[What you have to do] Your output should be the lines from the one containing "Tasty chickpea tuna" through the end of the listing, exact and inclusive, with no pictures.

[Data segment]
---
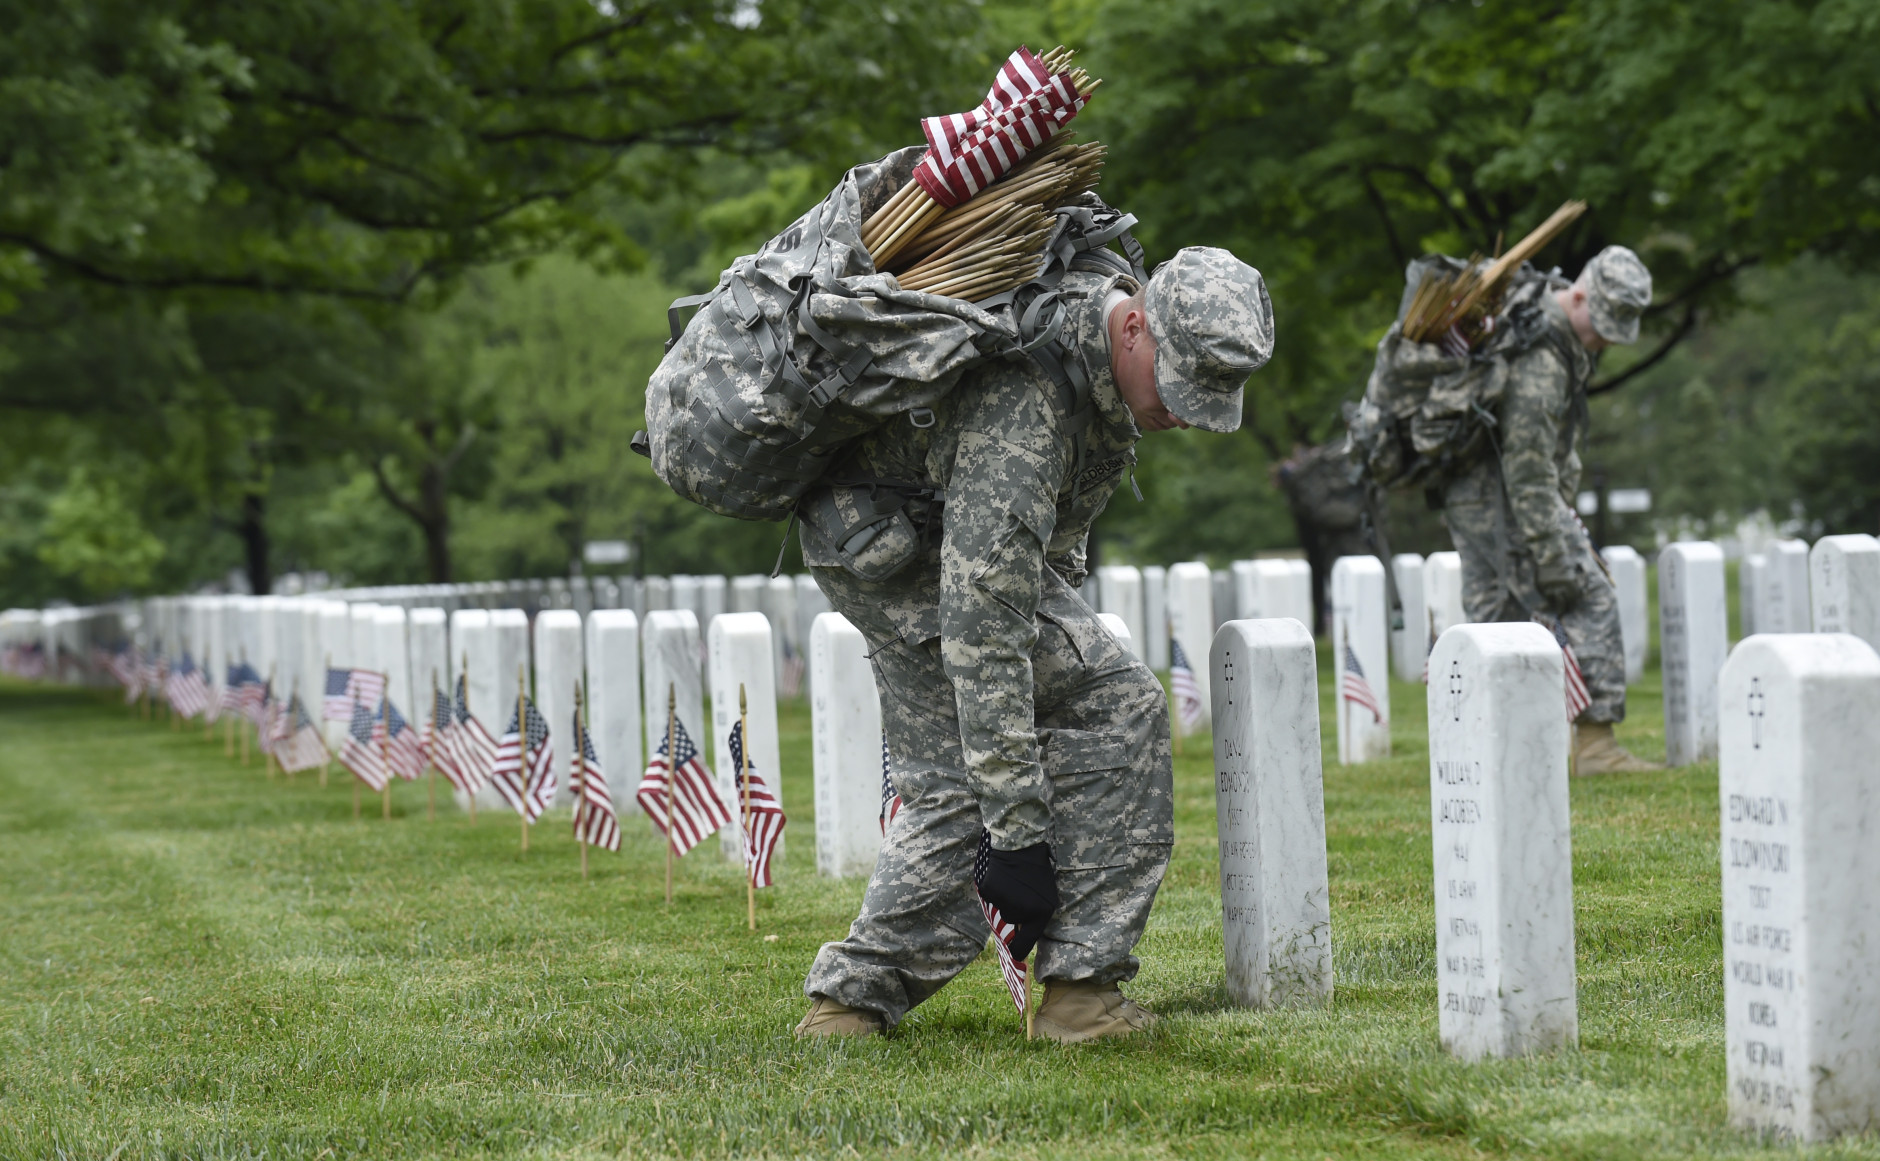 Third U.S. Infantry Regiment (The Old Guard) Pfc. Benjamin Feldbush of Stafford County, Va., places a flag in front of a headstone at Arlington National Cemetery in Arlington, Va., Thursday, May 21, 2015. "Flags In" is an annual tradition that is reserved for The Old Guard since its designation as the Armys official ceremonial unit in 1948. They conduct the mission annually at Arlington National Cemetery and the U.S. Soldiers' and Airmen's Home National Cemetery prior to Memorial Day to honor our nations fallen military heroes. (AP Photo/Susan Walsh)
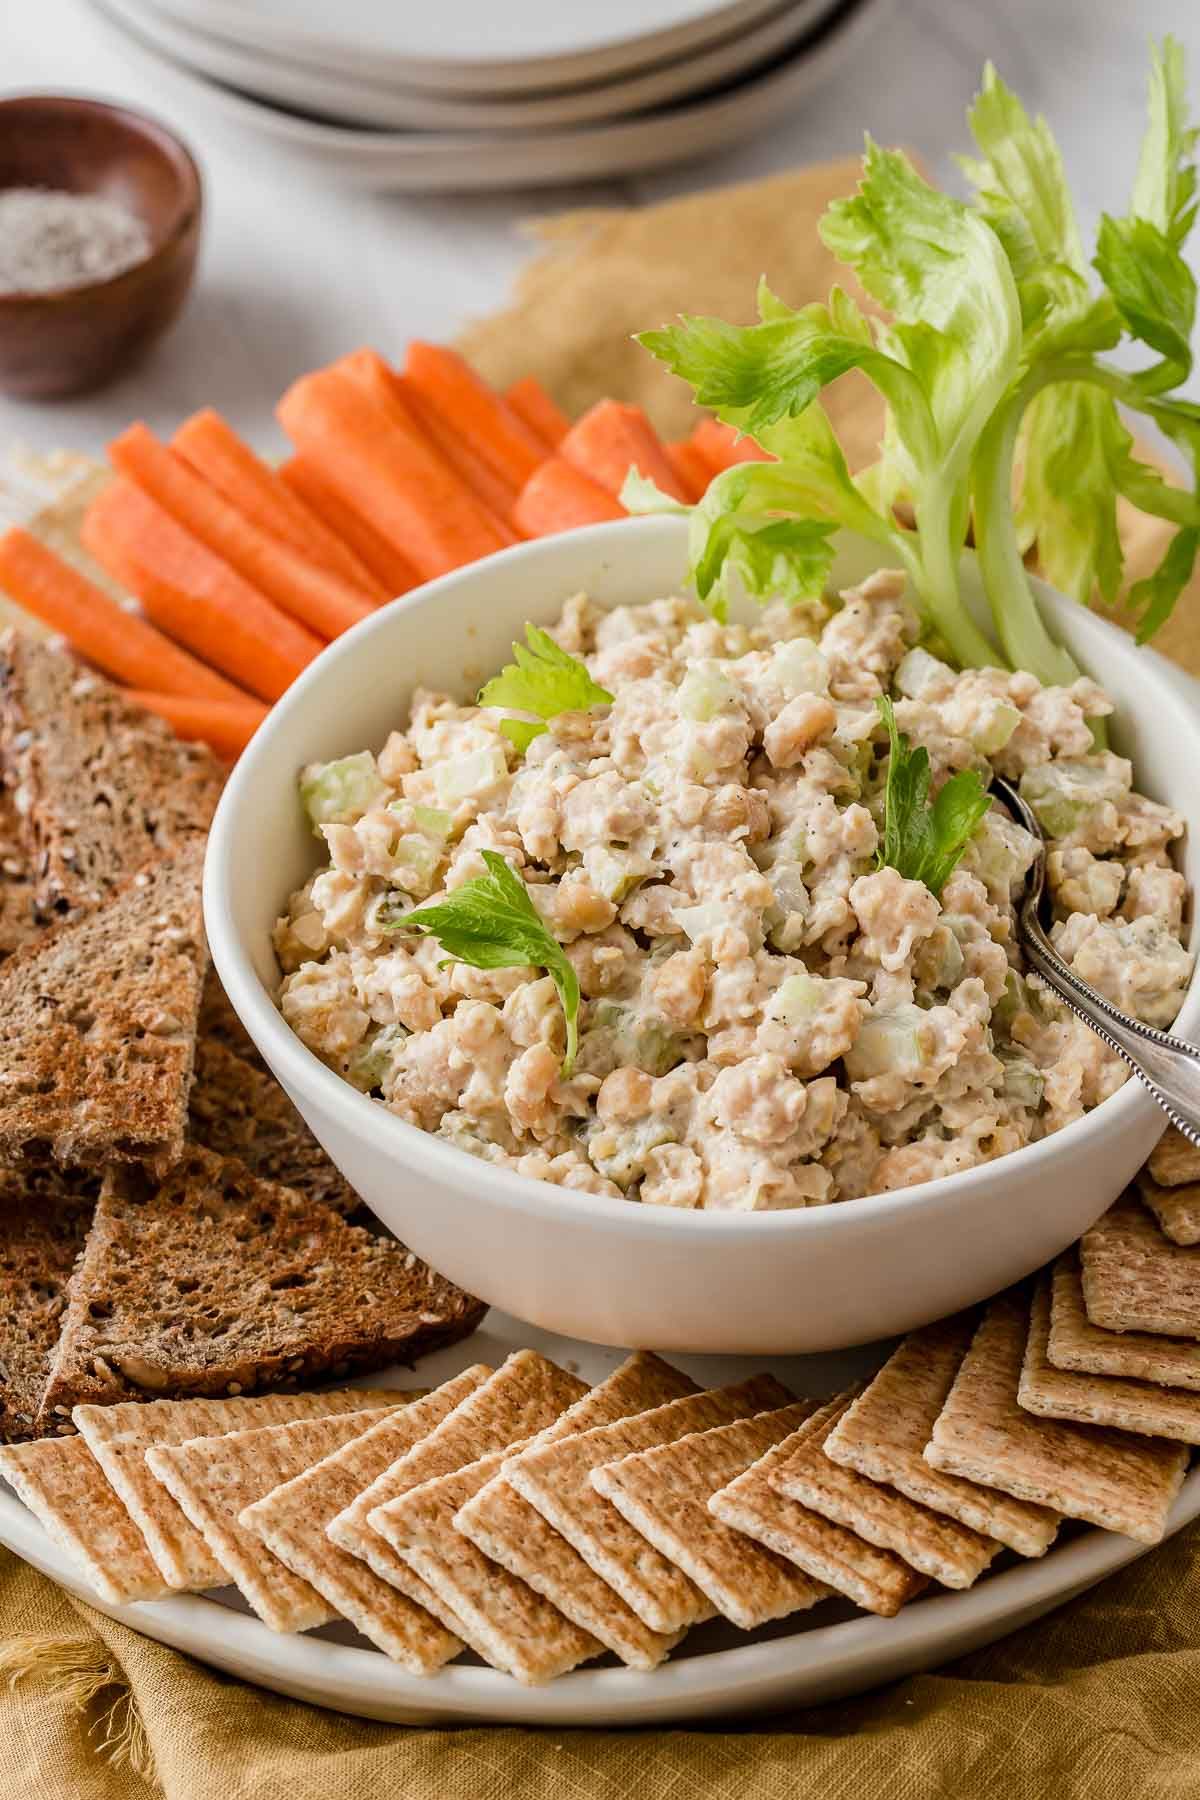 Tasty chickpea tuna salad in a white bowl with crackers and veggies on a tray.
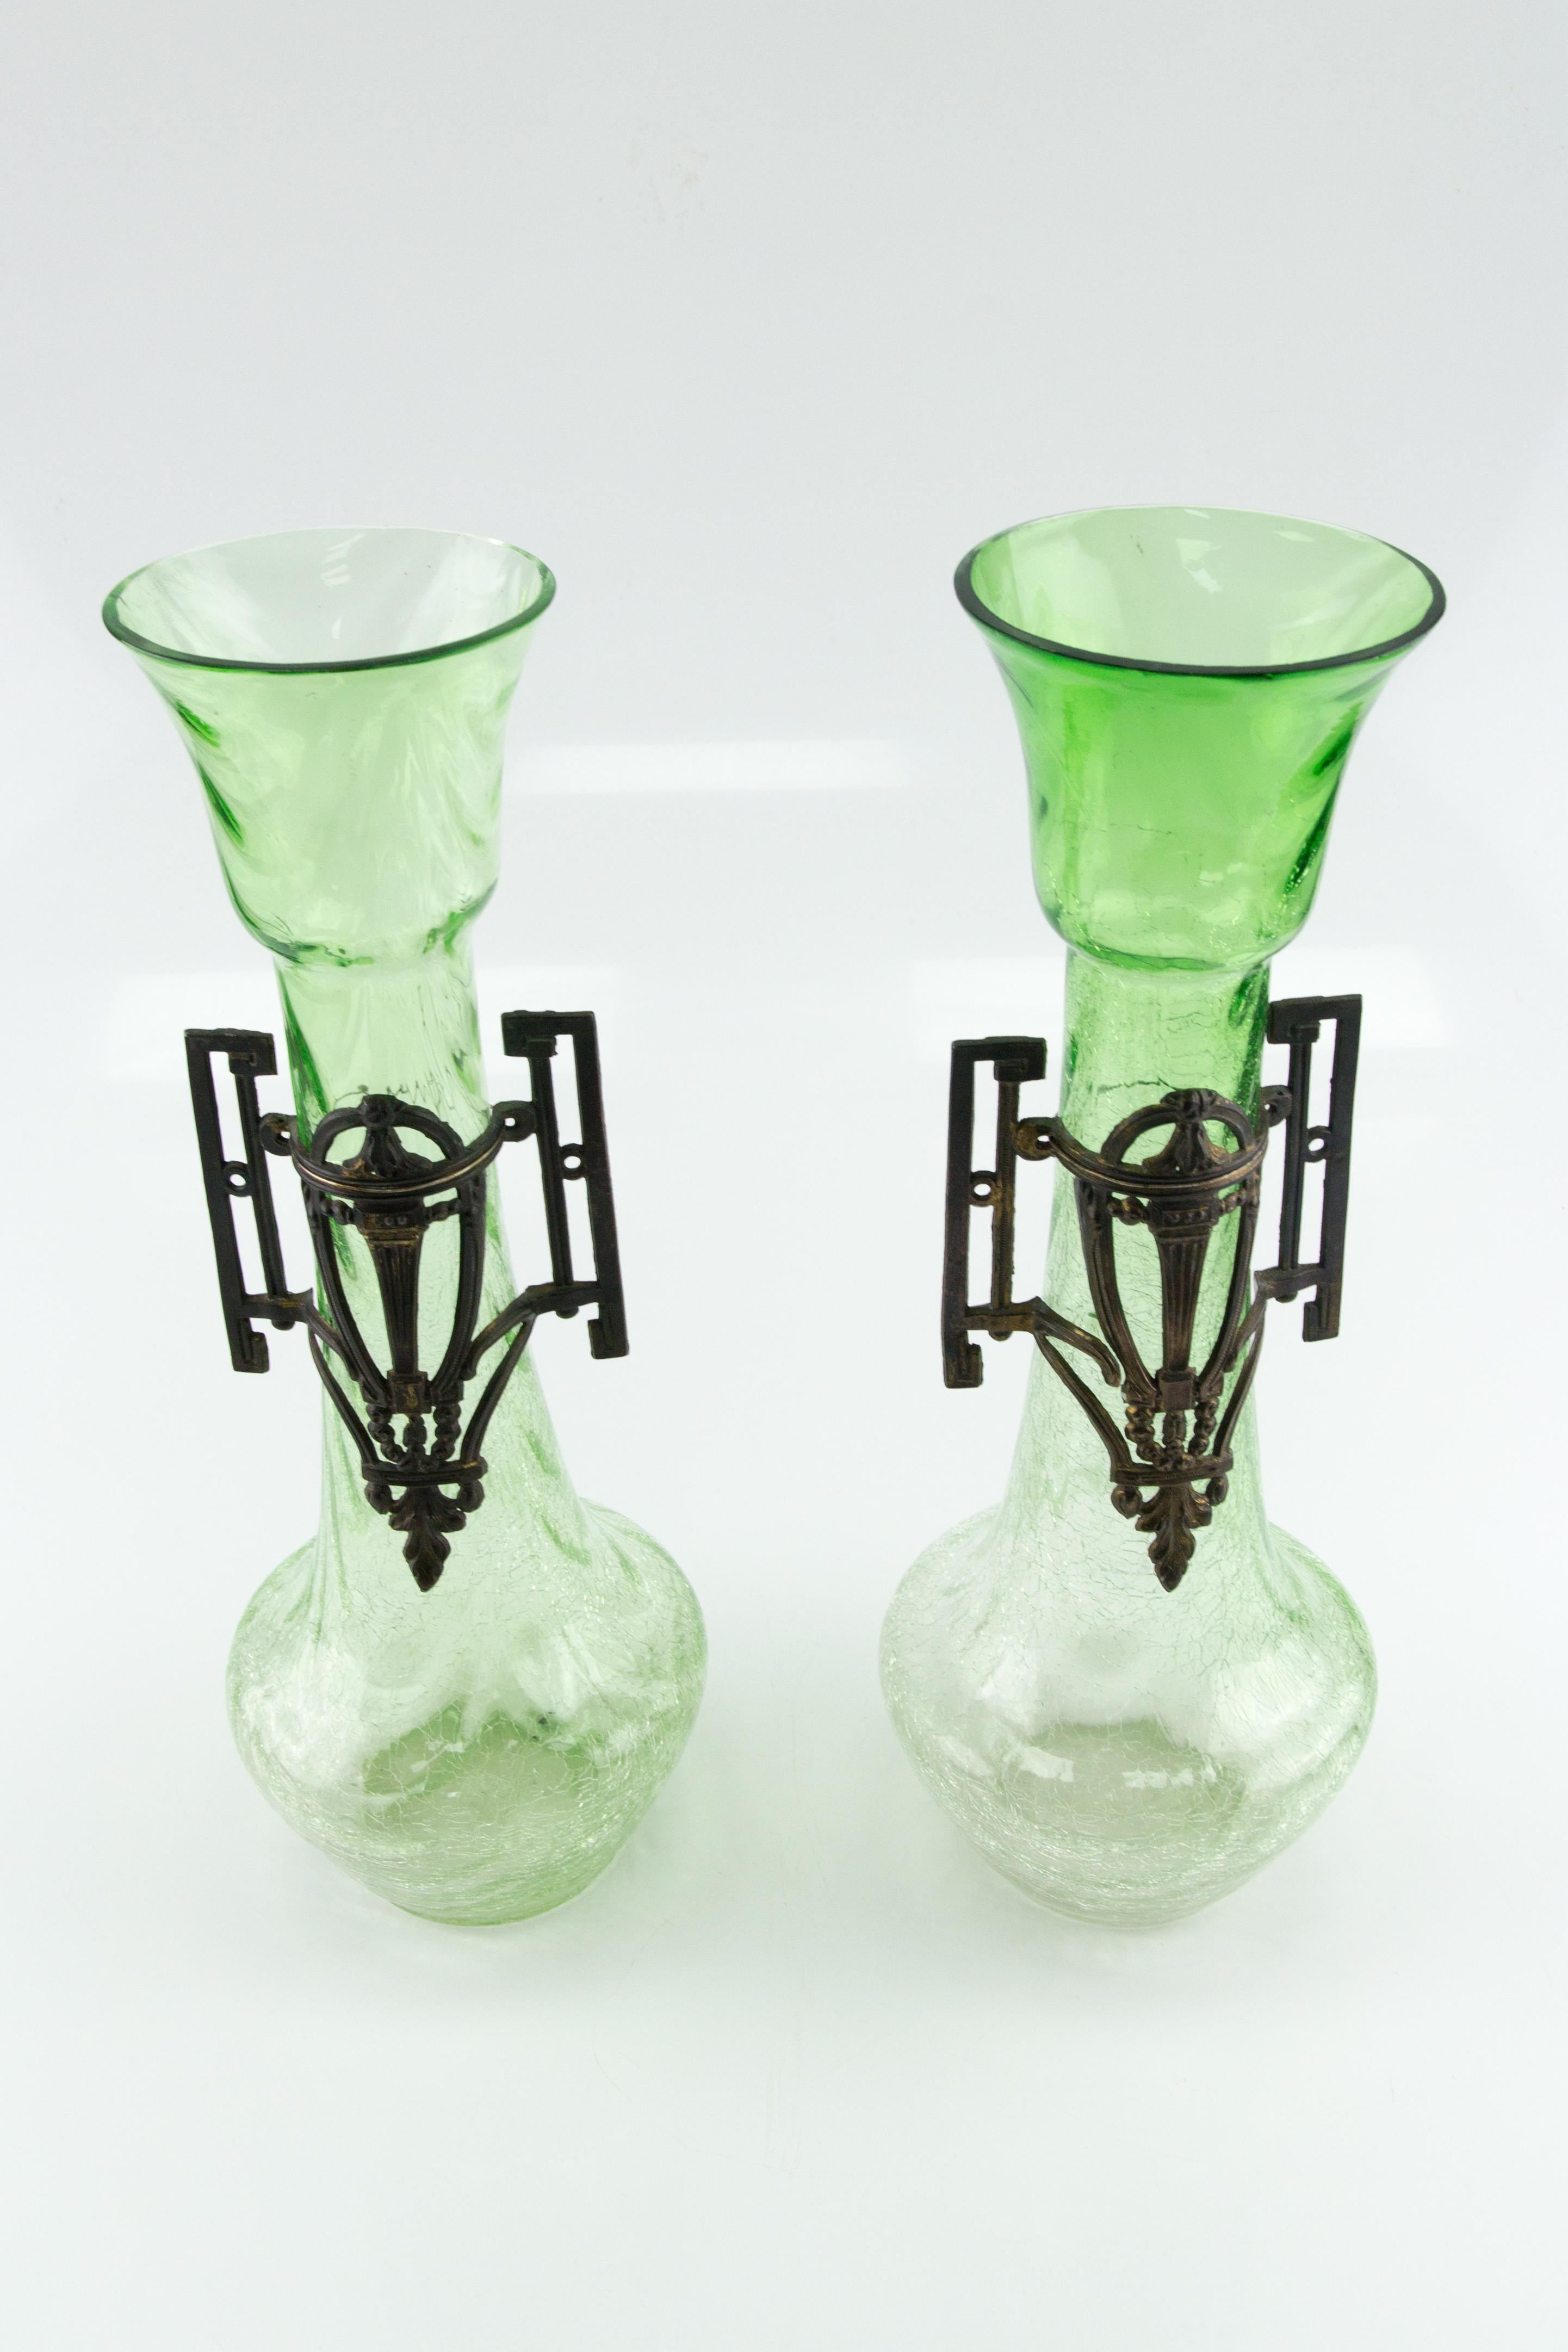 Pair of Large Art Nouveau Green Crackle Glass Vases, circa 1930s For Sale 6
---
[Exercise solution]
 Tasty chickpea tuna salad in a white bowl with crackers and veggies on a tray.
 Pair of Large Art Nouveau Green Crackle Glass Vases, circa 1930s For Sale 6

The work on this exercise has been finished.